Back in the London of the 1980s, he soon worked out that plead as he might for an interview with one of his heroes, British author Doris Lessing, she wasn't going to make herself available just like that to some enterprising young journalist from a remote island on the other side of the world unless she had a book to sell. She was off writing a novel somewhere in the north, Scotland, if his memory served correctly, and always gracious, transmitted her good will without obliging. His preparedness to travel was dismissed.
Australians weren't great readers. The ability to act like a moron was keystone of survival in a country where chameleon like abilities were essential. Any sign of intellect was regarded with suspicion amongst much of the populace. Topping the class, as he had done consistently throughout his school years, was a death knell to popularity. As a consequence of this entrenched anti-intellectual climate, the Australian market for books was limited. But if you were selling a new book and were in interview mode, it was easy enough to slot in an aspirant from nowhere's ville.

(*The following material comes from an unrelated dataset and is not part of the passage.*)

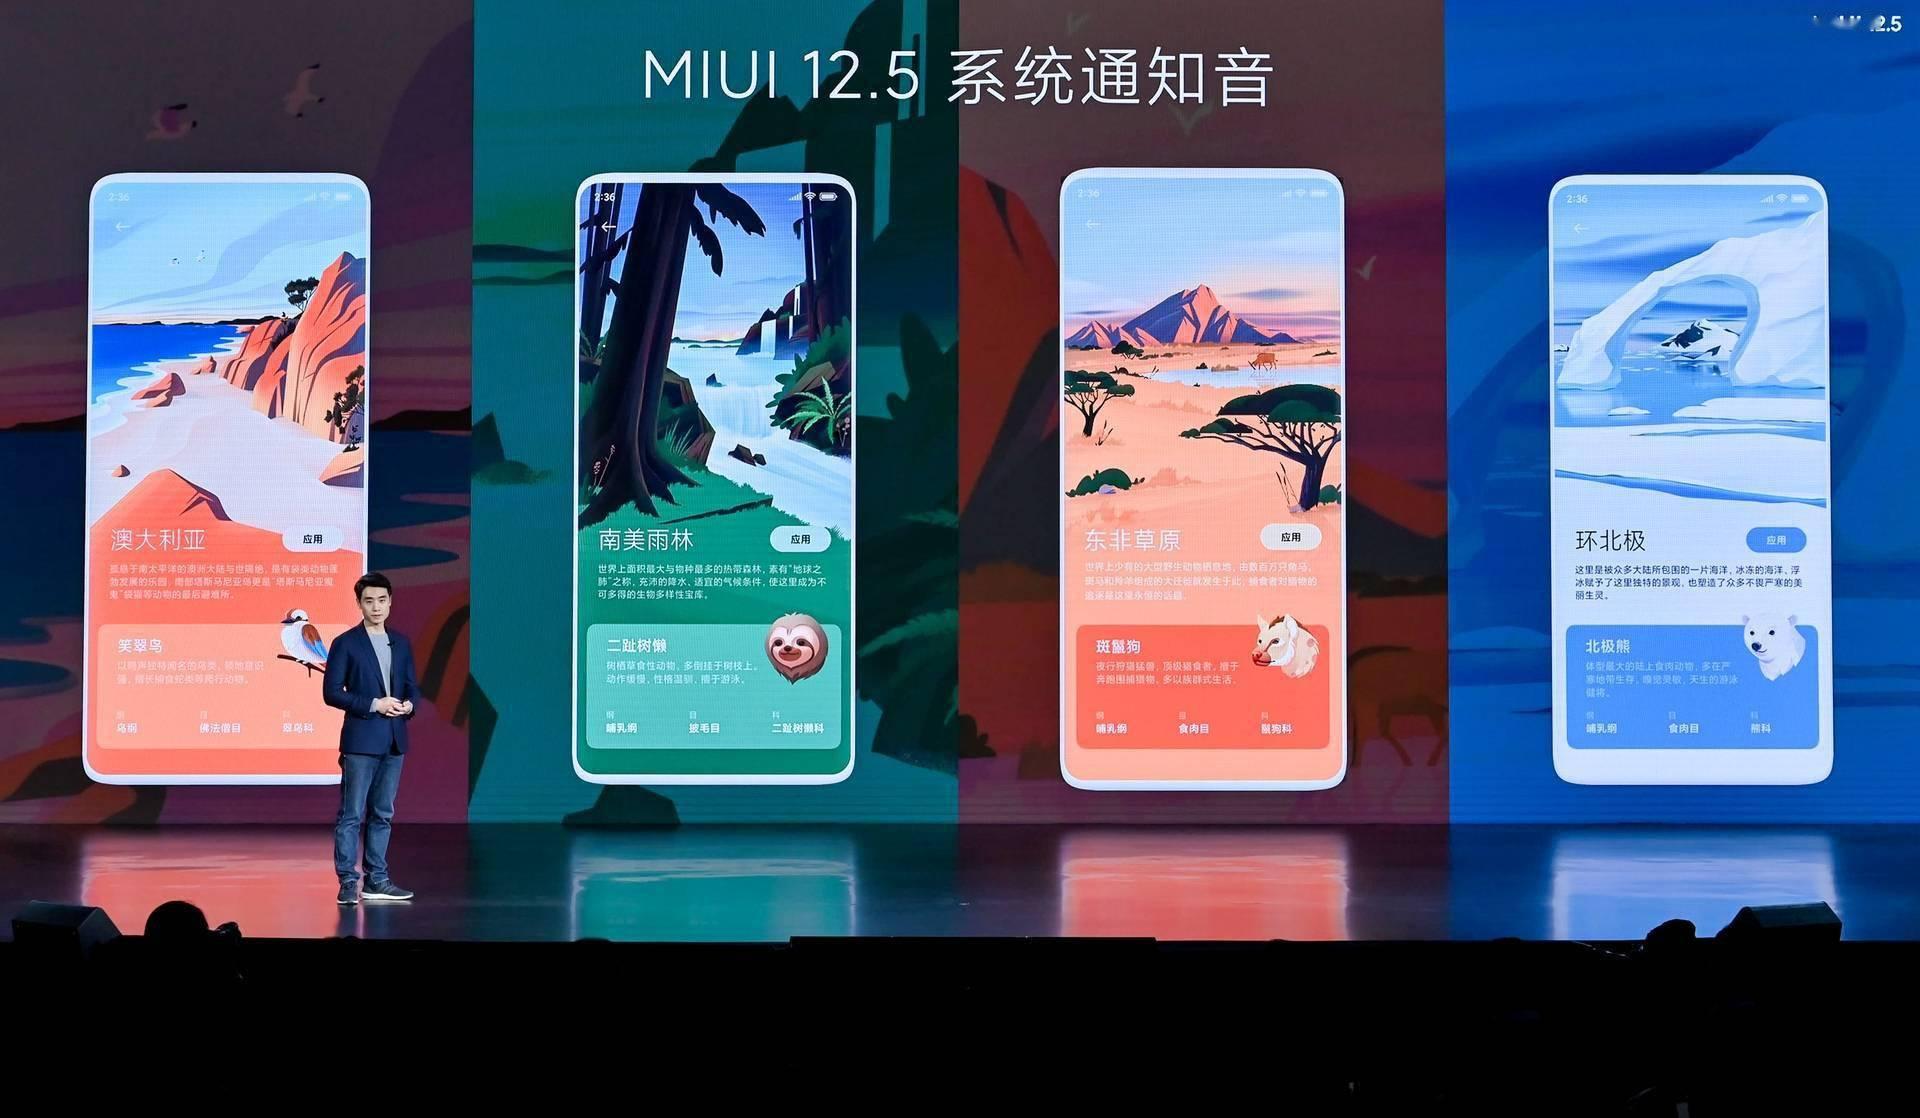 鸿图2注册虽迟但到的 MIUI 12.5 ,能扭转小米用户的口碑吗?(图11)

As he was doing many of the interviews for the Friday review section of Australia's well regarded Financial Review, the best selling national finance paper in the country and known at the time for its rigorous style of journalism, he soon worked out the trick words to get the public relations person onside.

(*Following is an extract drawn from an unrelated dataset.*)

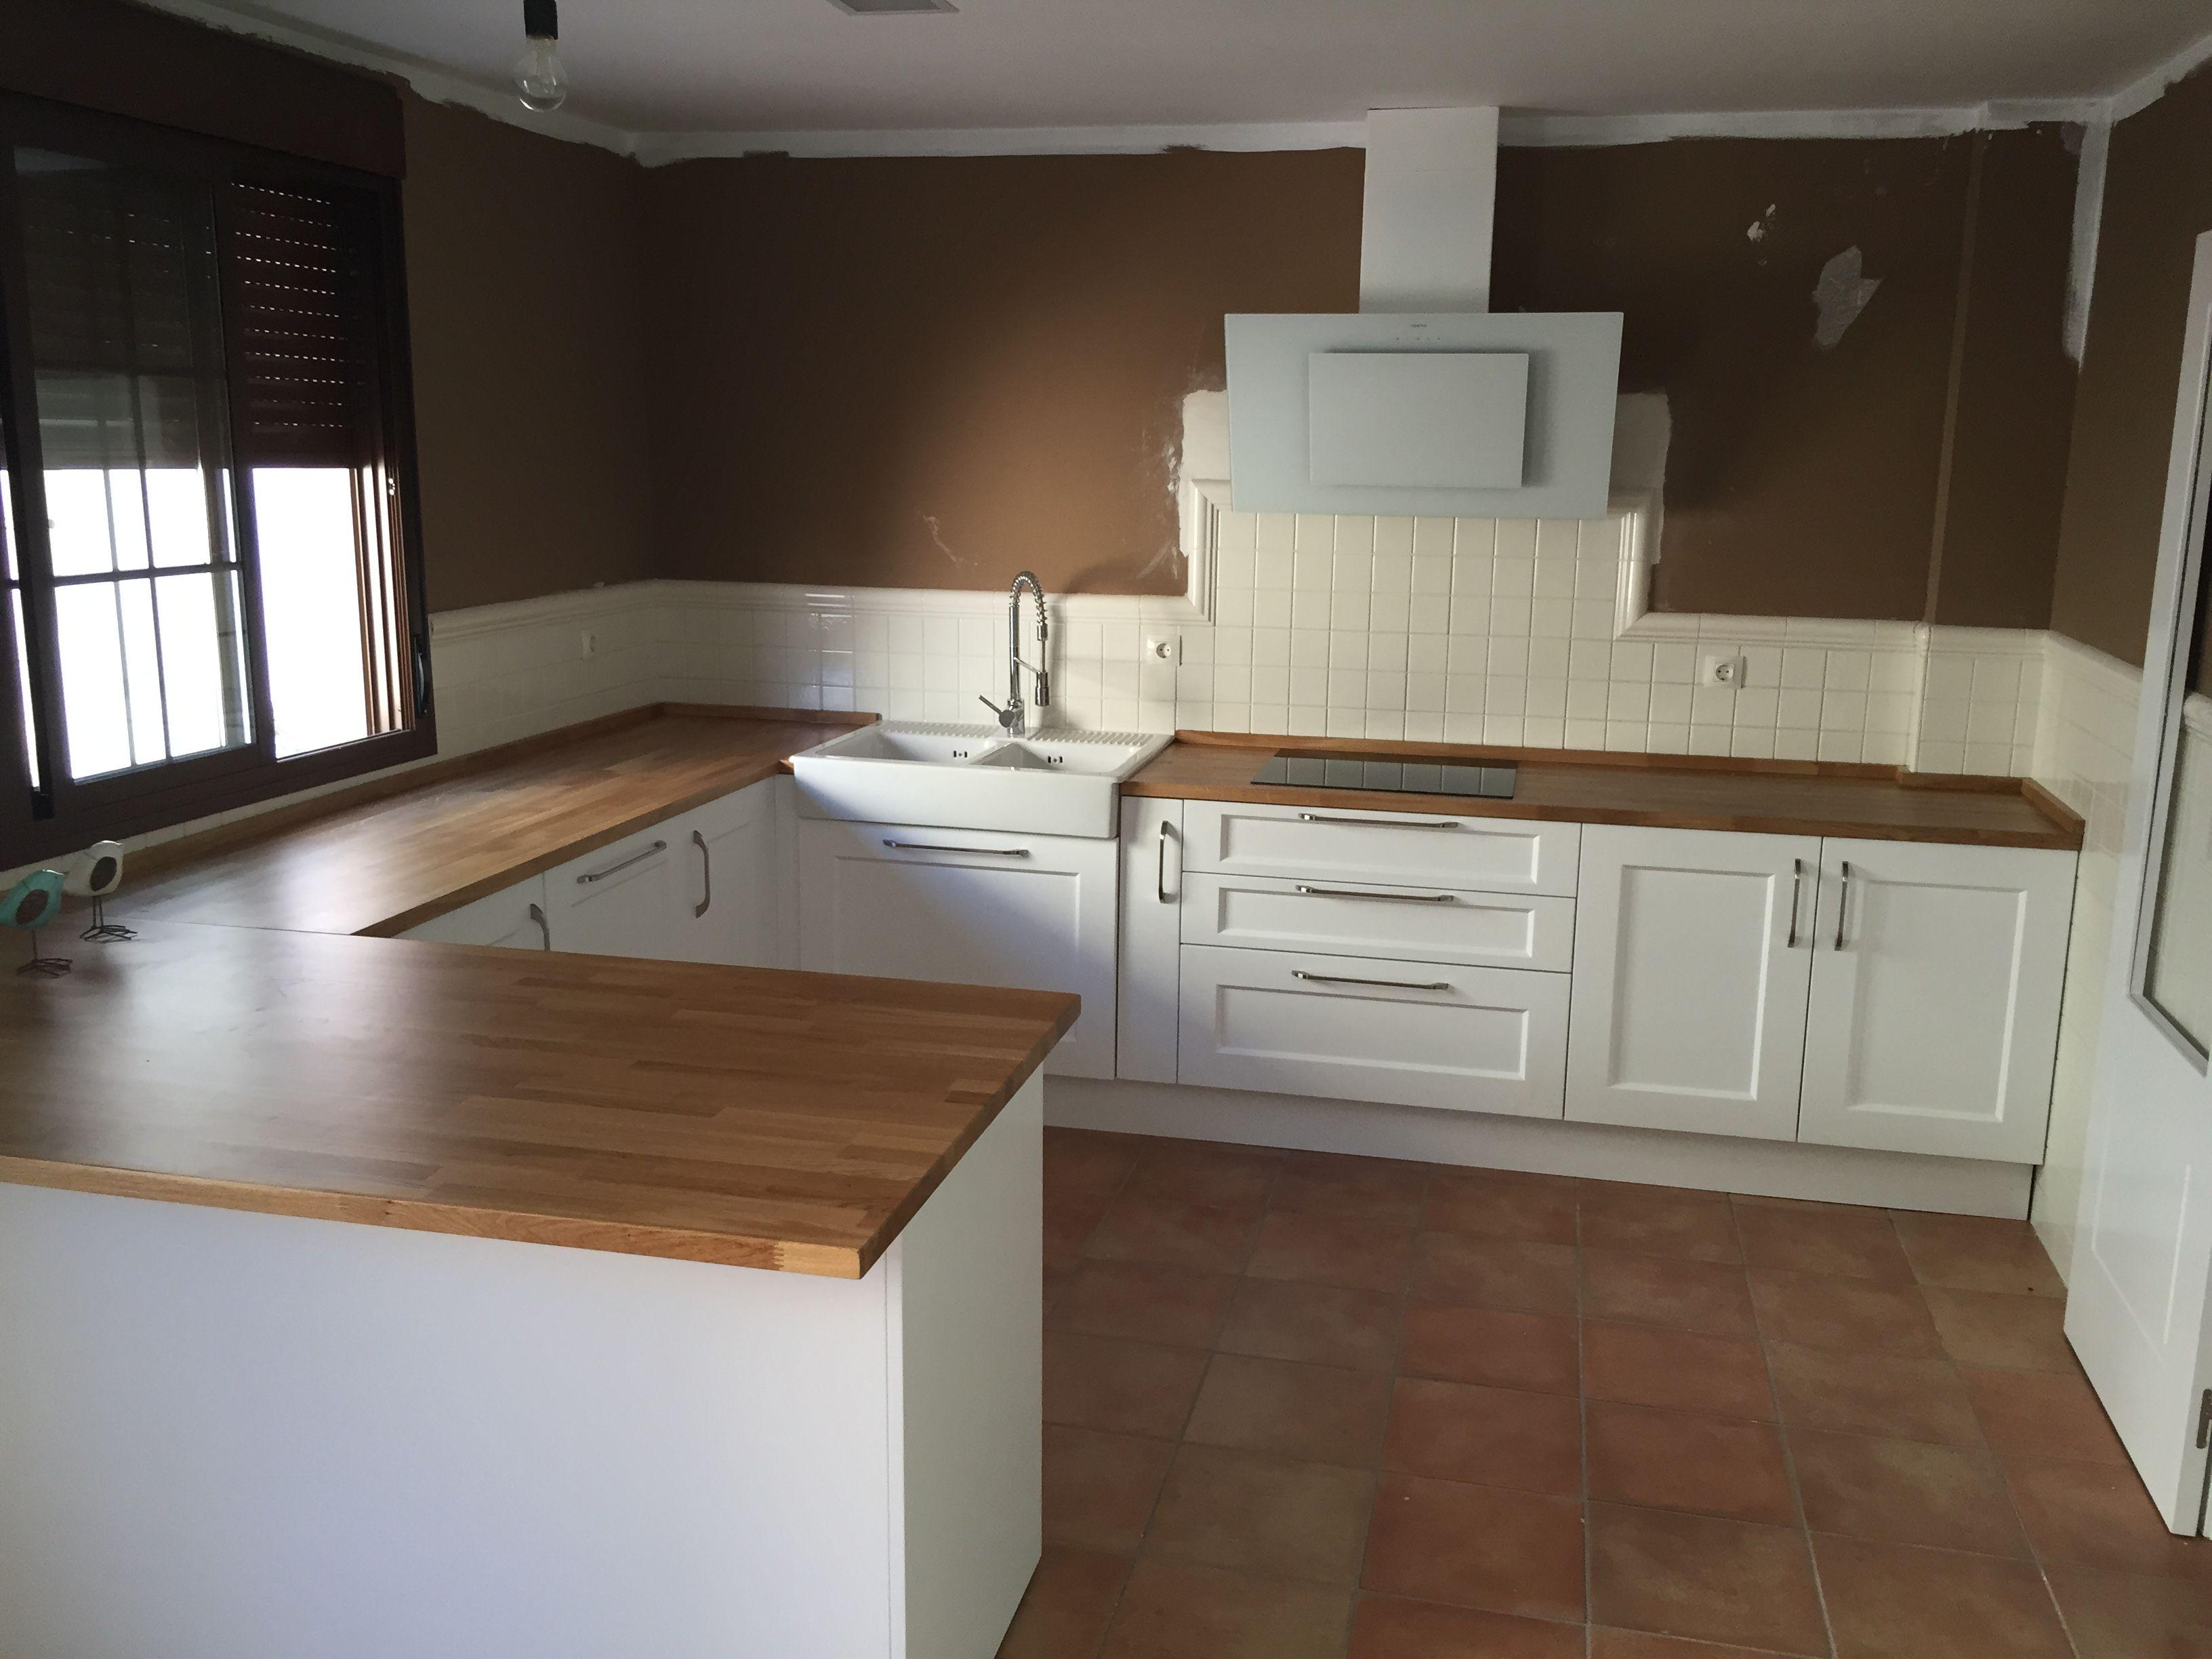 Cocina de dise o n rdico escandinavo puertas lacadas for Cocinas color madera y blanco

His standard line was: "It's for the Financial Review, the Australian equivalent of the Financial Times."
The Financial Times, then published distinctively on pale pink newsprint, was one of England's most prestigious newspapers and an organ any PR flack would like their subject to be showcased in. The readers were guaranteed to have enough money to buy a mere book.
He sometimes heard the almost invariably young women repeating his phraseology word for word as they explained to the bewildered author who had just conducted an interview with more familiar organs such as The London Times Review of Books or The Guardian exactly who he was.
Despite having crossed the first bridge and joined the queue of journalists lining up to interview whatever living legend was in town that week, there were other obstacles to overcome.
He soon worked out why he was being slotted in at 9am to interview people like Anthony Burgess.
He was low down the pecking order and in a busy day of scheduled interviews the morning spots were just about the least prestigious spot possible.
In those days, going through another phase of drinking and partying in the London clubs half the night, he wasn't always at his best at 9am. But then neither were the authors.
So when it came to Joseph Heller he reacted with mock horror when the public relations woman tried to slot him in at the allotted hour.
"Who wants to be interviewed at 9am in the morning?" he snapped back. "Not me. Don't be ridiculous."
"But he's got interviews slotted for every hour of the day," the PR woman protested. "There's nothing I can do."
He held his ground.
And thus it was that he came to have lunch with Joesph Heller, the author of Catch 22, one of the most famous novels of the twentieth century.
Joseph never repeated the success of the book whose title entered the English language as meaning a double trap.
In fact many of his books were rather long and rather dull.
But Heller in person was charm itself.
He arrived at the trendy little French restaurant near Covent Garden nominated by the public relations professional - it got their backs up if you called them girls - ahead of time and sat a little uncomfortably amongst the starched white linen tablecloths, the restaurant yet to fill with the lunchtime crowd.
Nothing to be frightened of.
Interviewing one of the 20th centuries most famous authors was just another strange event in an already crowded life.
Finally, a little later than the appointed hour, the PR woman with Joseph Heller in toe arrived, and he rose from the table to greet them.
They were full of the news that they had just passed an employment agency called Catch 22,
Which of course provoked the obvious question of what it was like to have written a novel whose title had literally entered the English language, the expression now being accepted into modern dictionaries.